Training baseline scores vary despite random seed fixed

I have been using prodigy to train a 'texcat' model like so:

python -m prodigy train textcat my_annotations en_vectors_web_lg --output ./my_model

and I noticed that the baseline score hugely varies between runs (0.2-0.55). This is even more puzzling to me given fix_random_seed(0) is called at the beginning of training.

I tracked down these variations to be coming from the model output so I created a minimal example to re-create this behaviour:

import spacy

component = 'textcat'
pipe_cfg = {"exclusive_classes": False}

for i in range(5):

    nlp = spacy.load('en_vectors_web_lg')

    example = ("Once hot, form ping-pong-ball-sized balls of the mixture, each weighing roughly 25 g.",
                {'cats': {'Labe1': 1.0, 'Label2': 0.0, 'Label3': 0.0}})

    # Set up component pipe
    nlp.add_pipe(nlp.create_pipe(component, config=pipe_cfg), last=True)
    pipe = nlp.get_pipe(component)
    for label in set(example[1]['cats']):

    # Set up training and optimiser
    optimizer = nlp.begin_training(component_cfg={component: pipe_cfg })

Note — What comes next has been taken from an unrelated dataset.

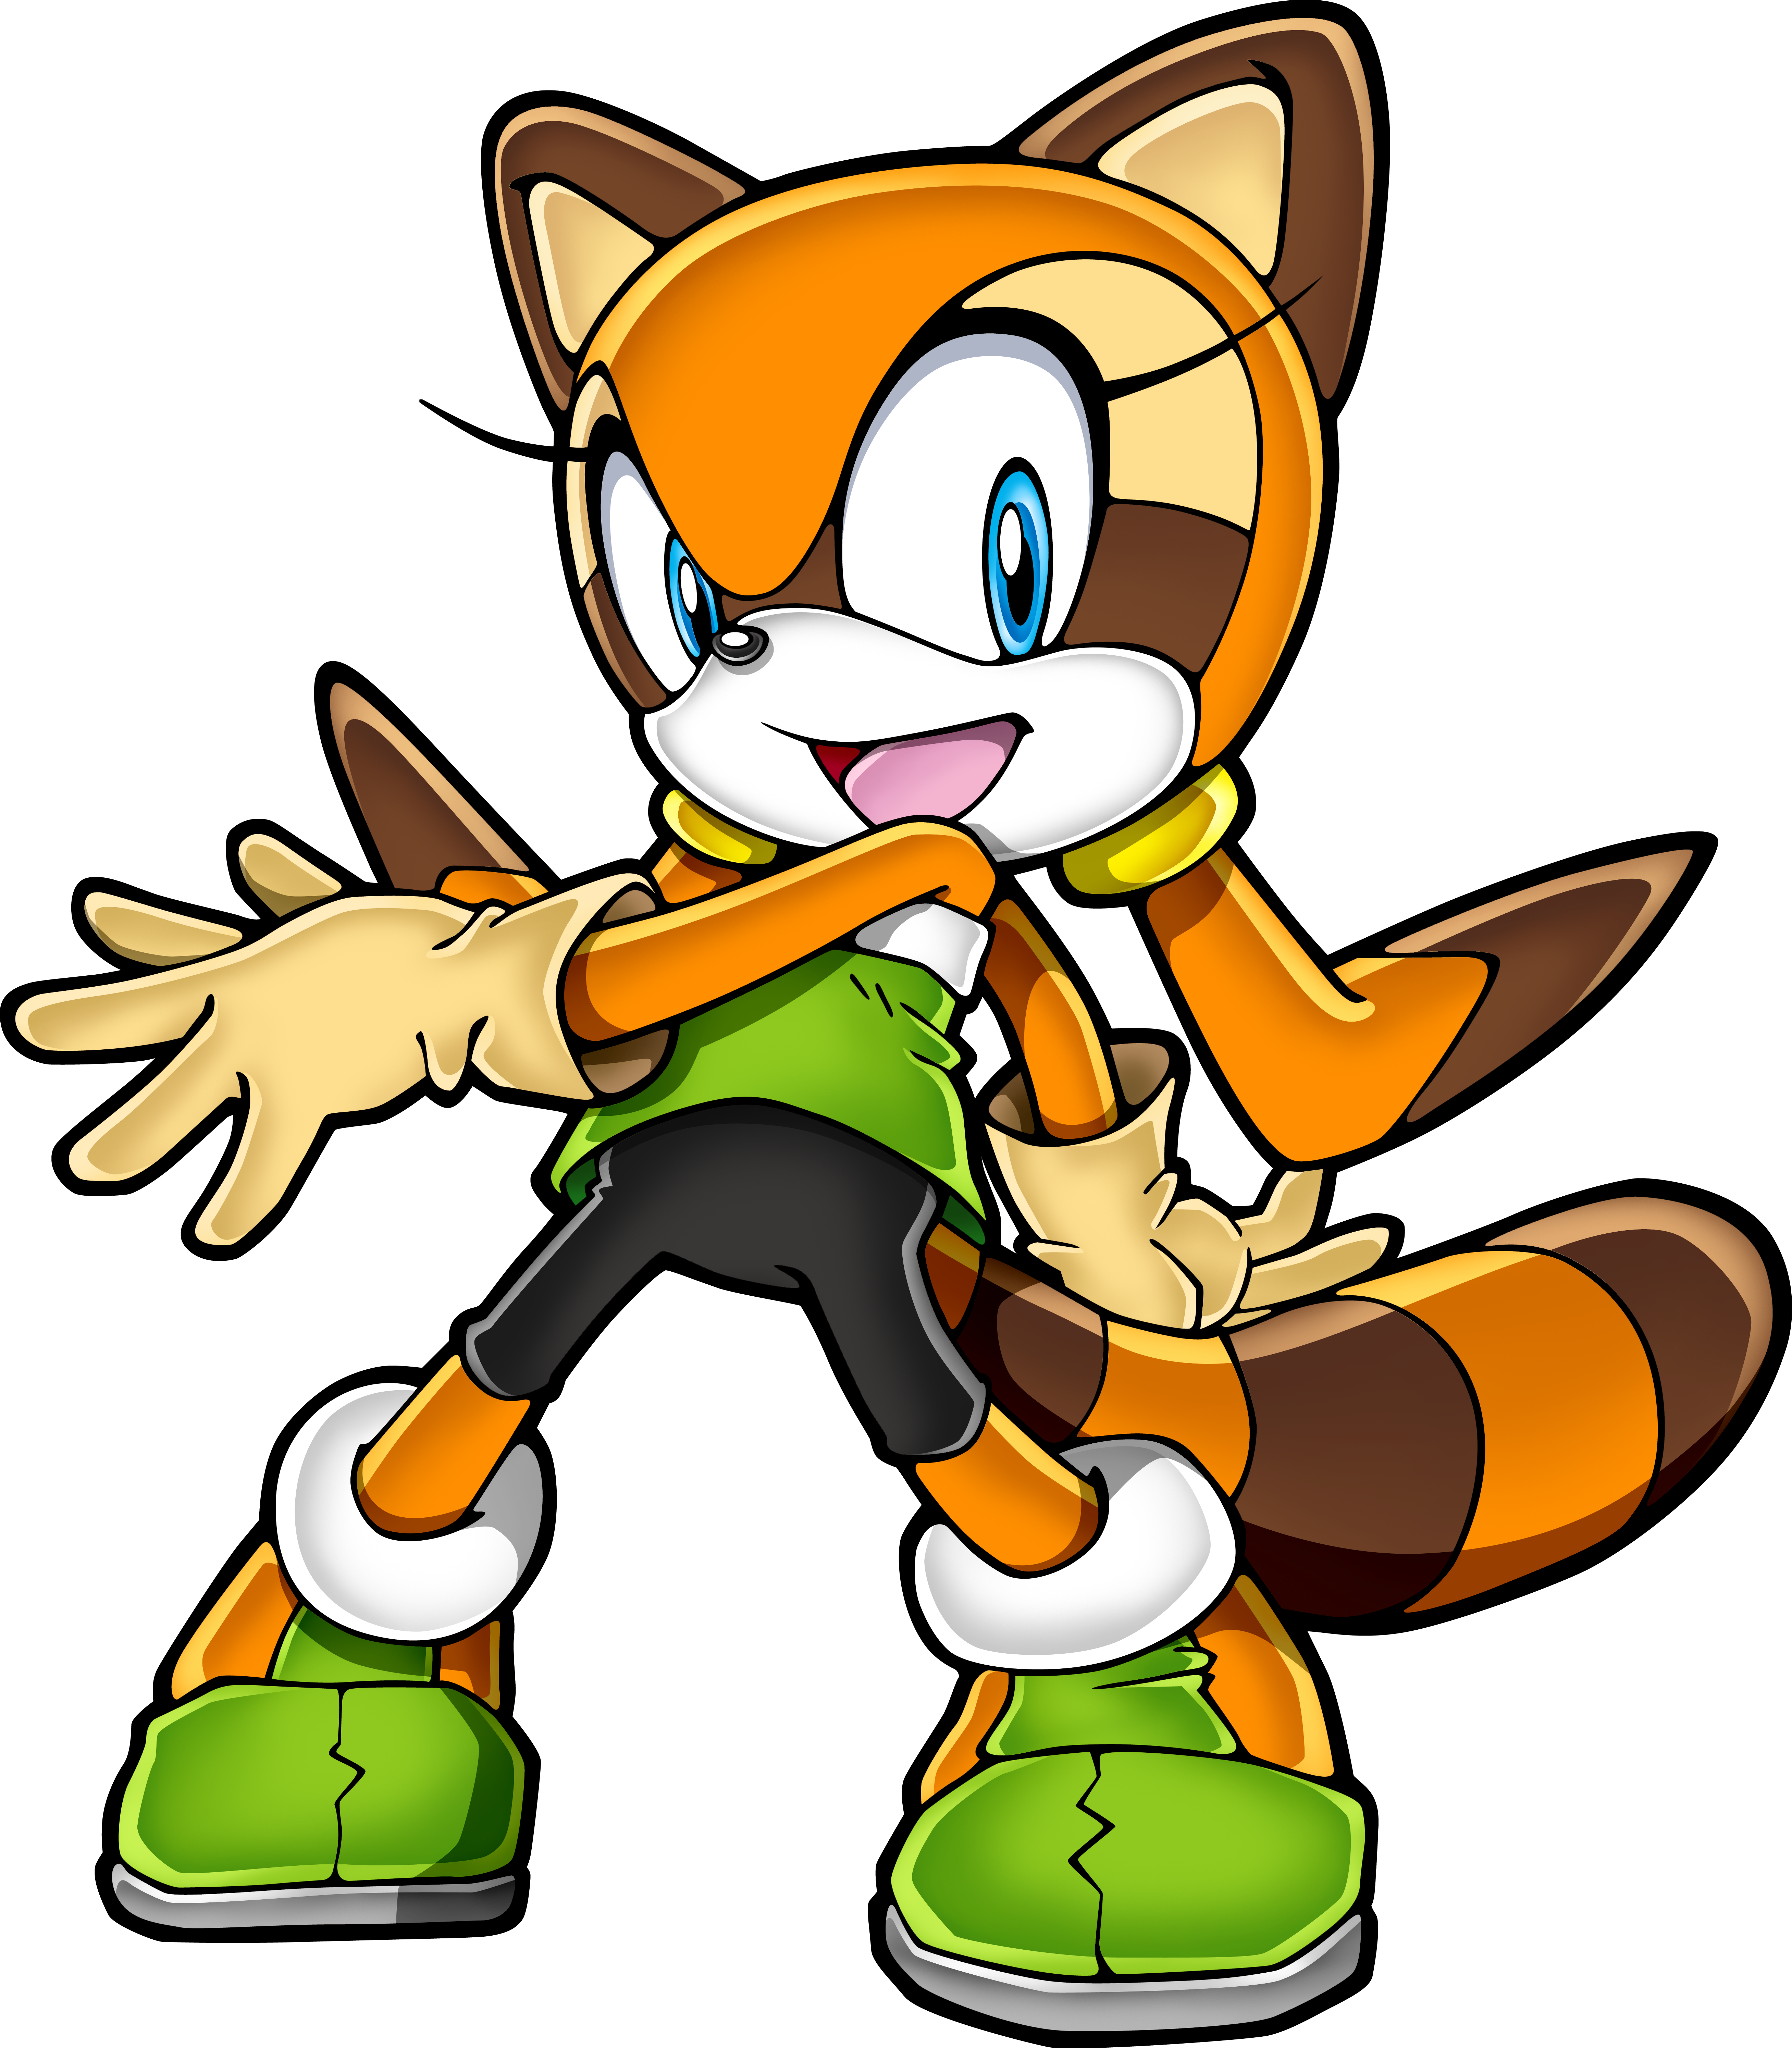 クリーム ザ ラビット List Of Sonic The Hedgehog Video Game Characters Cream The Rabbit Japaneseclass Jp

    # Run one document through textcat NN for scoring
    print(f"Scoring '{example[0]}'")
    print(f"Result: {pipe.model([nlp.make_doc(example[0])])}")
    print(f"First layer output: {pipe.model._layers[0]([nlp.make_doc(example[0])])}")

Calling fix_random_seeds should create the same output given a fixed seed and no weight updates as far as I understand. It does indeed in the linear model but not the CNN model if I understand the architecture of the model correctly (
So the output from the first half of the first layer stays the same for each iteration but the second half does not (last line printed out at each iteration).

Is this expected behaviour?

My setup:
Python 3.7.7

Thanks for the report, and no, this isn't expected behaviour. We've had a number of these bugs that introduce non-deterministic behaviour, which is definitely undesirable. GPU has been particularly affected by this but sometimes it's crept into the CPU models as well.

As you point out it's an issue in spaCy rather than Prodigy. If you like you could make an issue on the tracker and link this thread there. I'm also happy to make the thread instead if you don't have a Github account or would rather not take the time.

I think spaCy v2.3 has some fixes for non-determinism that might address this case. But if not, we definitely want to track it down.

In spaCy v3 we're adopting an integration with Data Version Control, which checksums trained assets. This will make non-determinism much more prominent in our workflows, which should allow us to address this problem.

Thanks for getting back to me so quickly @honnibal. I have raised this as an issue on GitHub now.